Sometimes, getting what you wished for isn’t all that it’s cracked up to be. While I’m not a hardcore armour modeller in the sense that I go out and get all kinds of fancy aftermarket stuff, I still like my tanks to at least be half-decent kits to start with. I also like them in small scale, so that’s why I’ve gravitated towards the old Matchbox and Fujimi 1/76 models. They’re small, well-detailed enough and simple enough to be fun.

However, I was hoping I’d be able to find a Flakpanzer IV for my collection. I hadn’t been able to find a record of such a kit in 1/76, so you can imagine how pleased I was to find out that there was indeed a model of it in this old scale! The kit I found was made in Japan by Arii, and it was even a “diorama set” as it proclaimed on the box! 

The problem is that the kit is not quite up to the standards I’m used to on armour, and as you have read, my standards aren’t particularly high. Follow the link below to see what this kit is like, and why you should never buy one, given the chance!

*https://adamrehorn.wordpress.com/mo...eviews/arii-176-flakpanzer-iv-wirbelwind-oob/*


----------



## djnick66 (May 2, 2008)

I've had all of those kits. A couple are passable. Remeber they are VERY old. They date back to the late 60s and were originally sold by Eidai and then Grip (or was it Grip then Eidai?). They were intended as wargaming kits not serious models. Wargamer's Digest used to highlight their new releases. There is actually still some demand for a few of the kits in the range. Currently the molds are owned by Mirco Ace, who took over from Arii when they went bankrupt a few years ago. But, Micro Ace says the molds are shot and they have no plans to reissue them. Also, the molds for the kit in high demand, the V-2 missile launch set up with rocket, trailer, tractor, halftrack, launch plate, etc., is gone. I had that kit and it was really very nice. Again, we are talking about something as old as the Aurora Anzio Beach and Rat Patrol sets so its not going to be a 2017 Tamiya kit.

If you want a 1/76 Flak Panzer you could use the hull of the Airfix or Nitto Panzer IV and use the turret from the Arii/Grip/Eidai kit. The old Nitto Flakvierling gun may be more detailed too.

Or, if you are not uber fussy, Trashegawa, in their otherwise mediocre armor range, has a somewhat nice Wirbelwind and Ostwind that combine their 40 year old Panzer IV chassis from the Karl Morser set with a new turret and gun.


----------



## Faust (Dec 1, 2012)

I didn't realize they were that old.

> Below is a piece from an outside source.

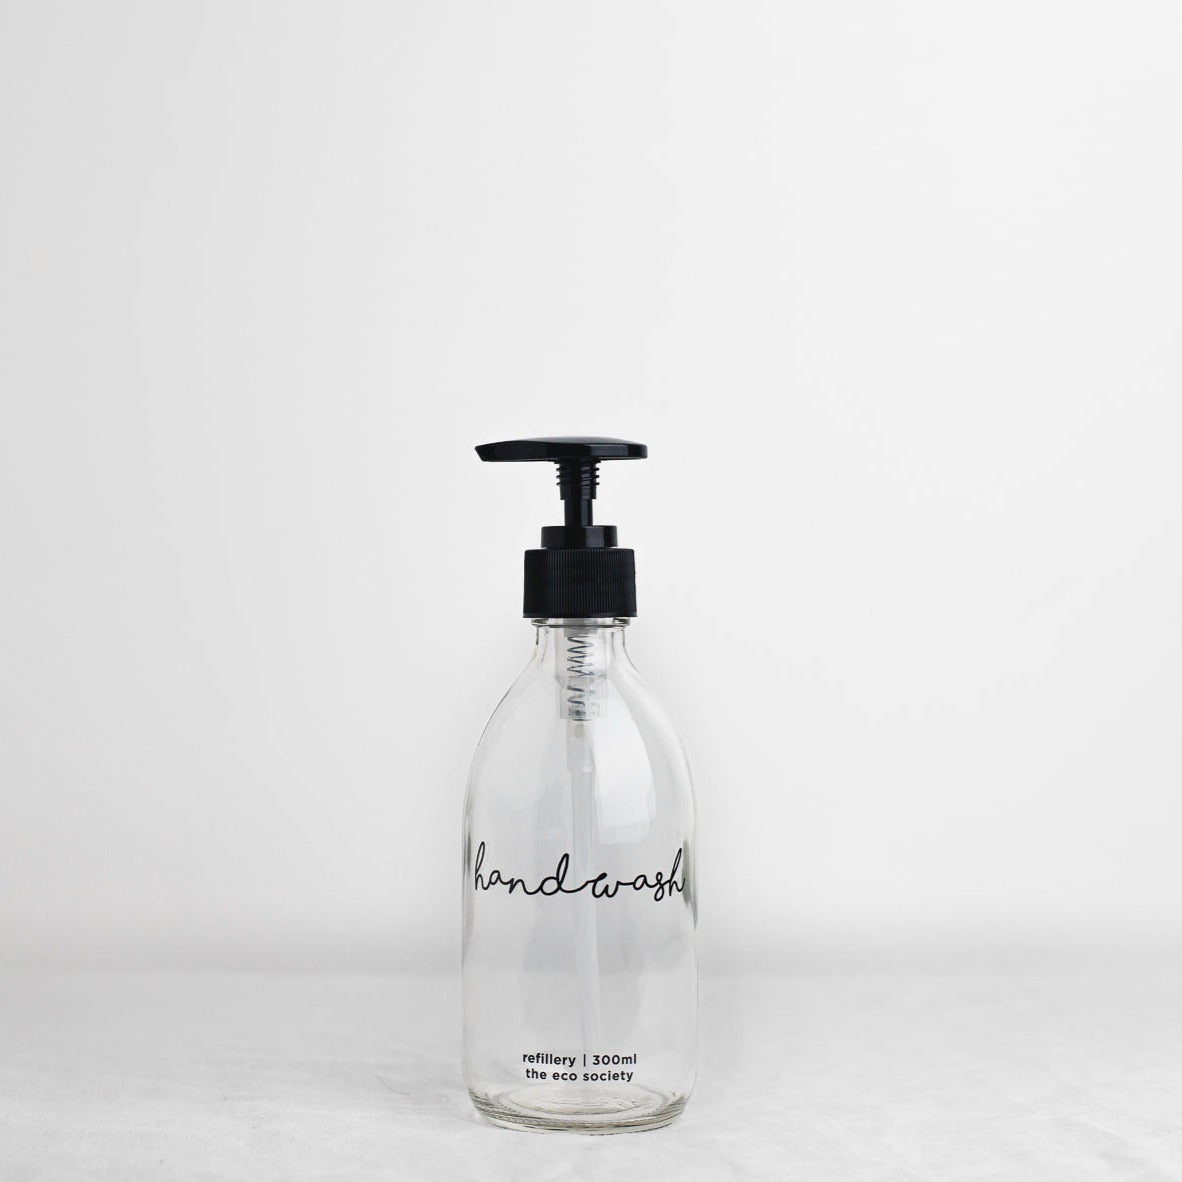 Clear Glass Bottle with Black printed text "Handwash" 300ml Refillery Bottle

They look to be early 70's. Still, it's pretty bad for a kit of any era. If they're for wargaming, I can see it a bit more. I wasn't expecting a new Tamiya kit, but the Fujimi's from the early '70s are light years ahead of this sad beast.

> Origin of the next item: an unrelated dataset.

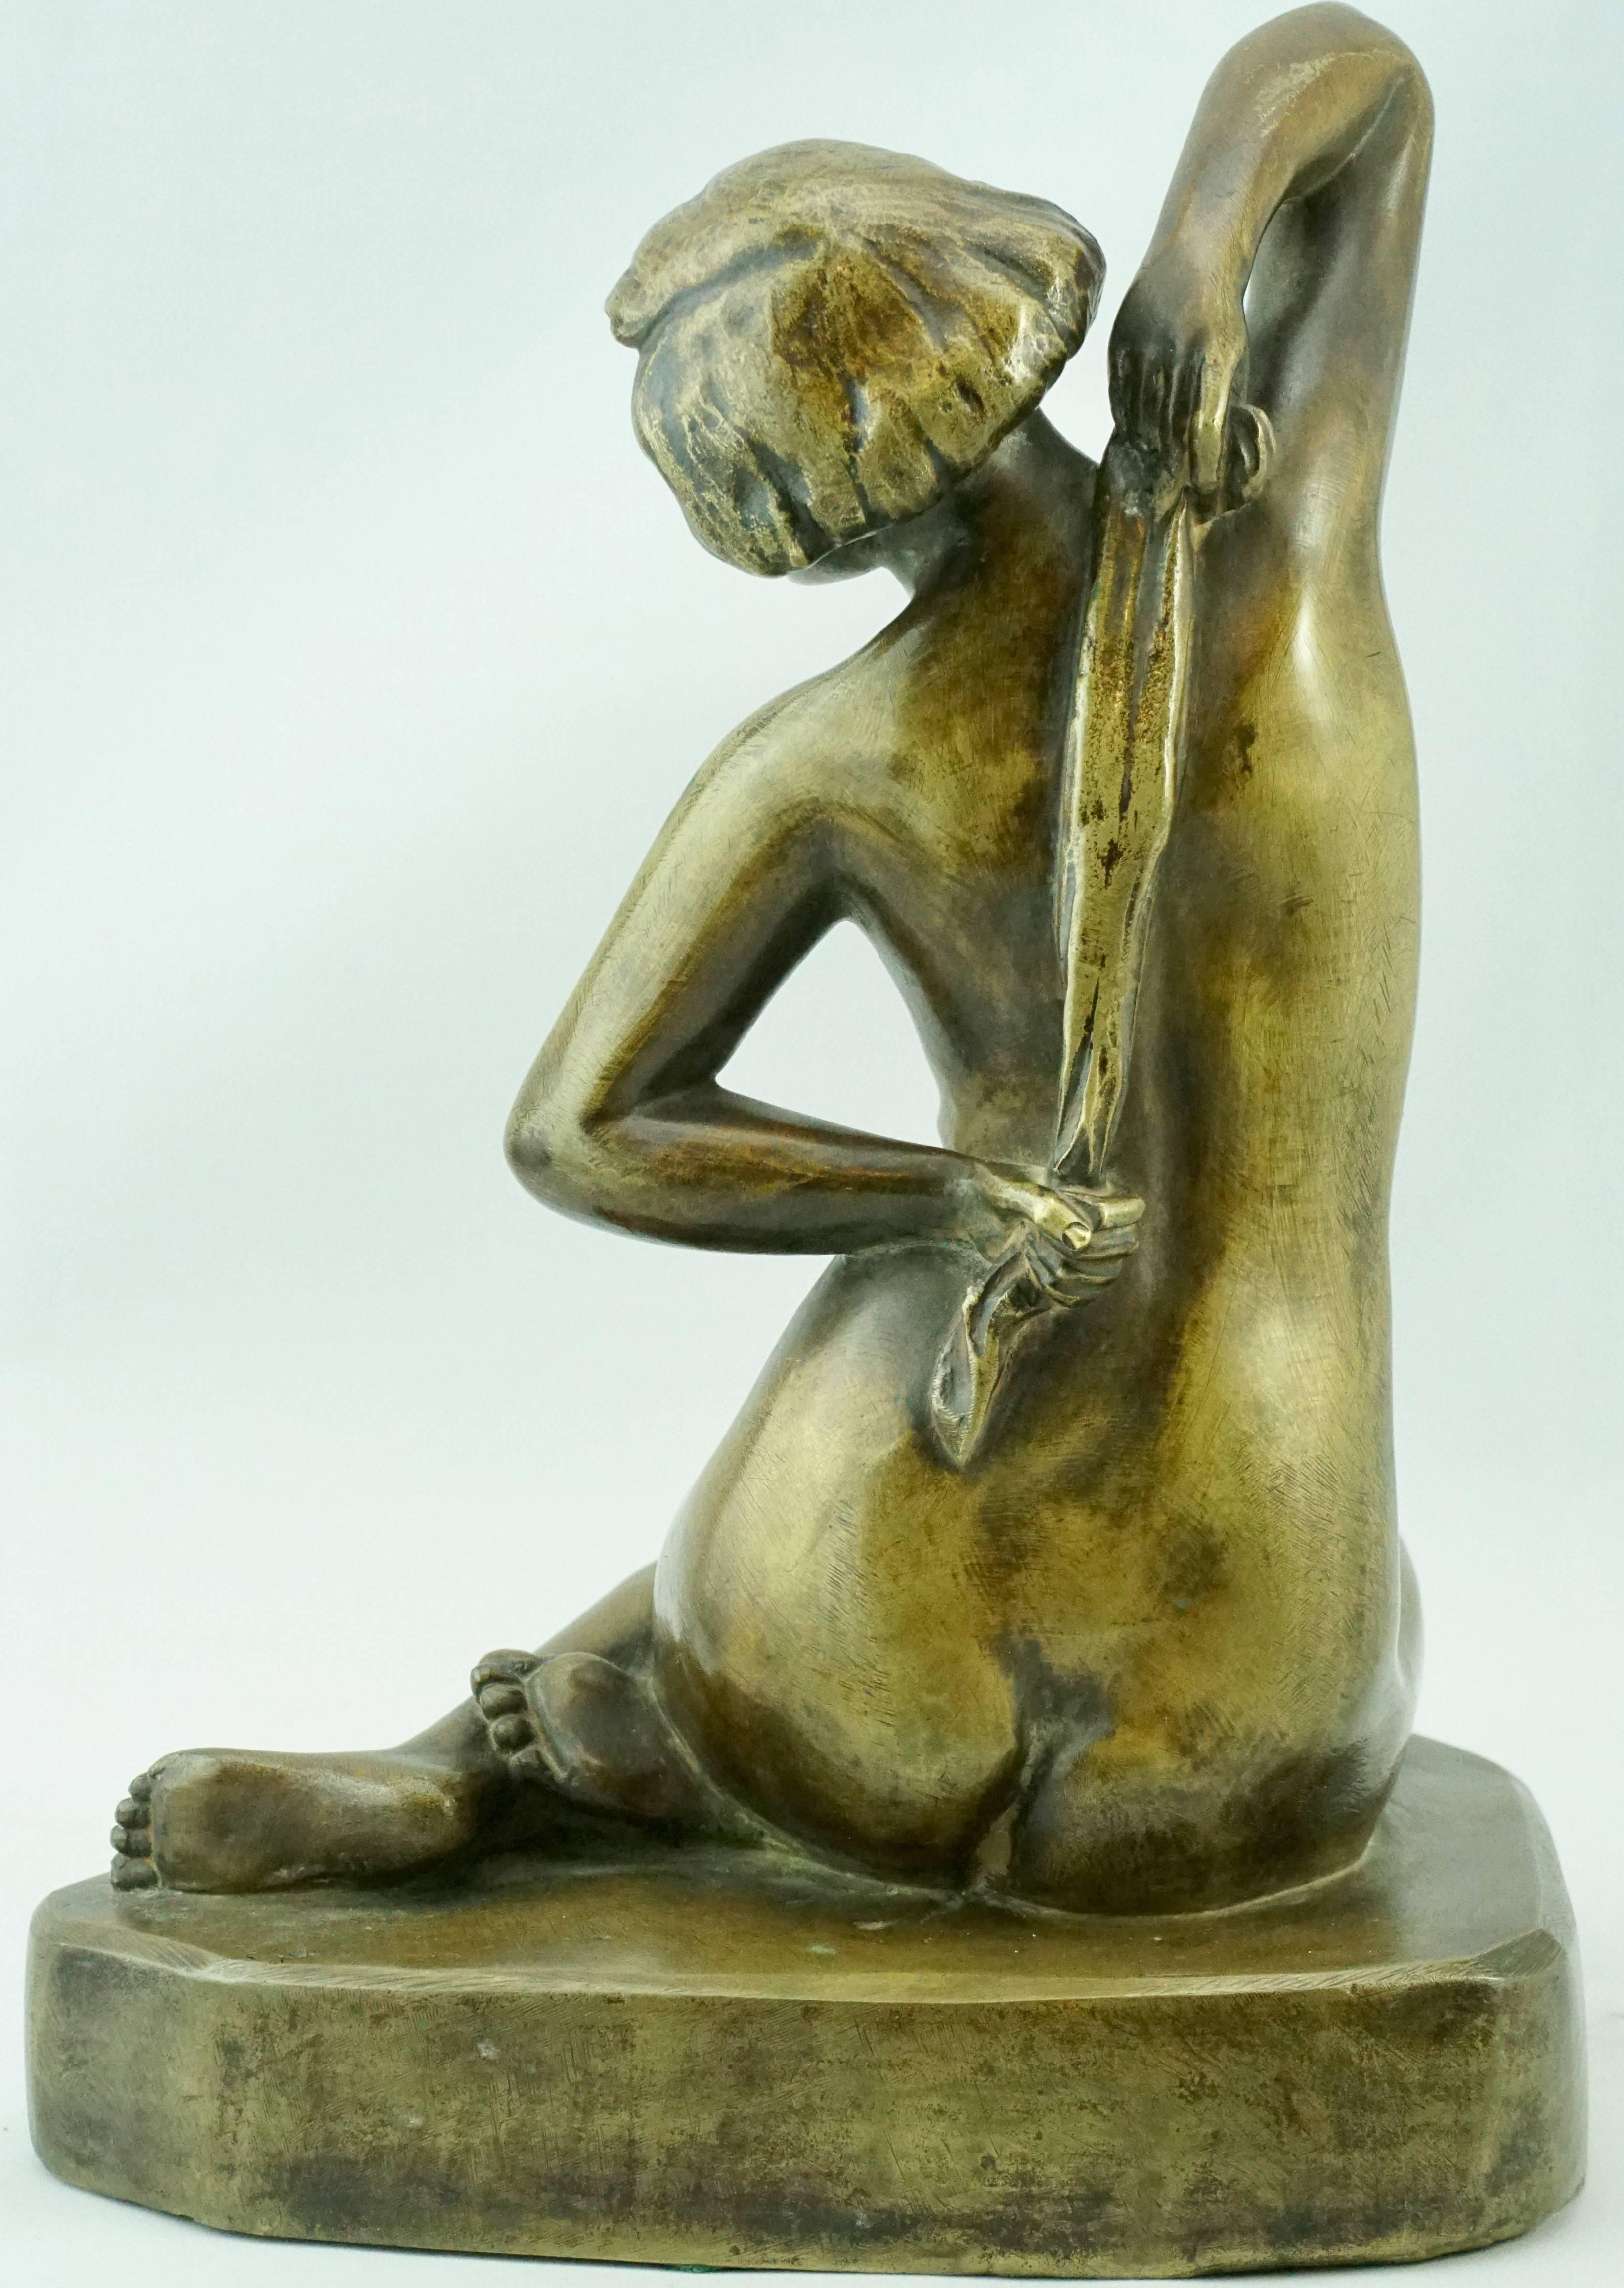 Charming French Art Deco Bronze Nude by F. Trinque, 1930 For Sale 2

If anyone ever wants it, it'd definitely on the auction block!


----------



## djnick66 (May 2, 2008)

They are what they are. The figures that came with some of the larger sets were copies of the 1960s first generation Airfix Germans (same ones Aurora copied for Anzio beach). 

If you have an original Grip or Eidai kit they are very cleanly molded and come out looking pretty nice. The Flakpanzer Mobelwagen is another one that no one else has done either. I still have one of their Krupp Protze trucks to work on. For many many years it was the only small scale German truck. I've noticed that Arii broke up the kit contents a bit and what you get in their issues is not quite the same as the originals. The Protze came with more stuff than you get now.


----------